Loyalhanning, one of the leading villages of the Delaware, was at the
present site of Ligonier, about eight miles east of where Latrobe is
now located.
The first white man appeared in the vicinity of Latrobe
about 1750. Christopher Gist was a surveyor, the first to give a
detailed description of the areas of Western Pennsylvania and Ohio. At
the outset of the French and Indian War, he accompanied the young
George Washington on missions into the Ohio Country.
The French and Indian War gave more white men a glimpse
of the area. In 1758, British General John Forbes cleared a road
through this area enroute from Philadelphia to present day Pittsburgh.
His soldiers erected Dagworthy's Breastworks in the area now known as
Lawson Heights, just south of Latrobe.
Few people settled permanently in the area before 1769,
when the Pennsylvania Land Offices were opened by the Penn
propietaries. As early as 1765, Christian Soxman (Saxman) was living
east of Latrobe, near what is now Machesneytown, while John Proctor had
a farm to the west, between the St. Xavier property and Unity Cemetery.
Among the first land titles granted by the Commonwealth for the Latrobe
area were those made to George Clark (who acquired the application
rights of David and Samuel Sloan) and to Samuel Sloan, who built the
first house in what is now the city of Latrobe.

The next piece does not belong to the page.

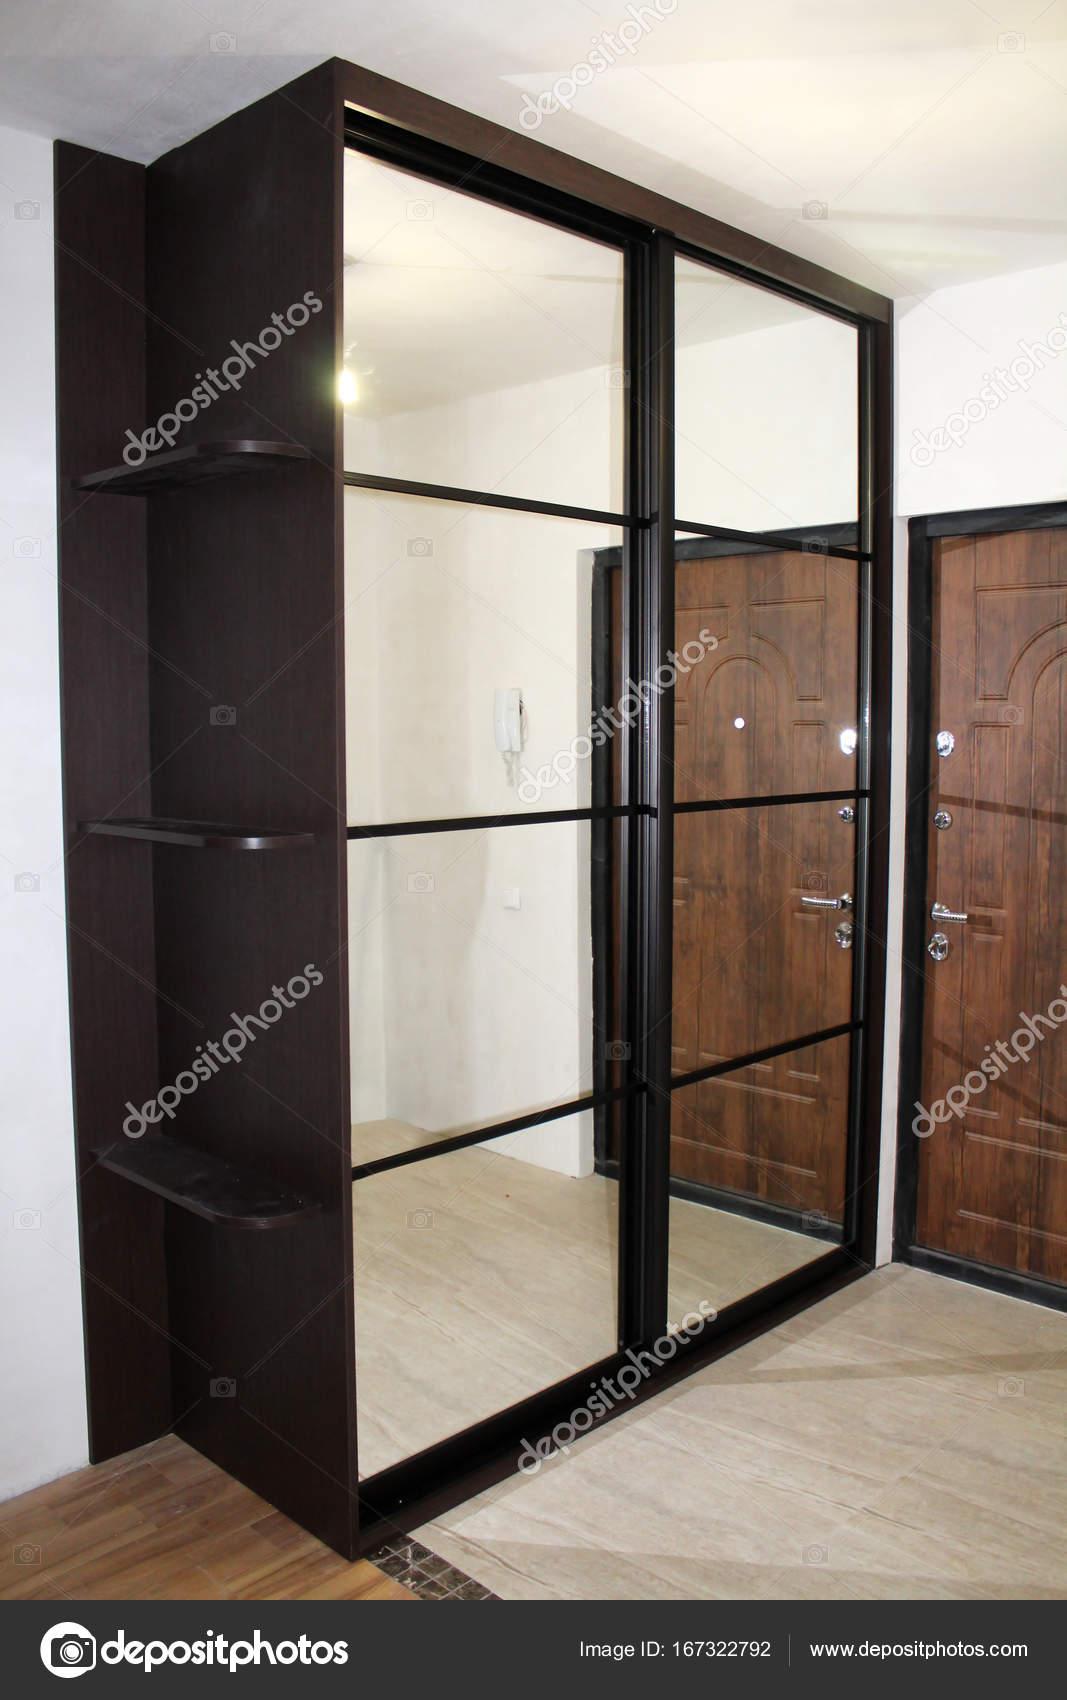 Schrank mit Schiebetüren. Möbel. Interior design — Stockfoto ...

Other early settlers in or near what are now Latrobe,
Youngstown, and Unity Township were Archibald Lochry, who settled here
with his brother William and whose restored blockhouse still stands
near the intersection of Routes 30 and 981; William Findley, who served
as the first Congressman from the area and whose mill along the
Loyalhanna in west Latrobe was the first industry within the present
city; Henry Kuhn, whose land later became the site of St. Xavier;
George Ruffner, who led five German families from Berks County to
settle on the site of St. Vincent College; Joseph Baldridge, who built
a mill about 1789 south of Latrobe; and Peter Tittle and Benjamin
Beatty, veterans of the American Revolution who joined the growing
settlement here, establishing their homesteads near Unity Cemetery.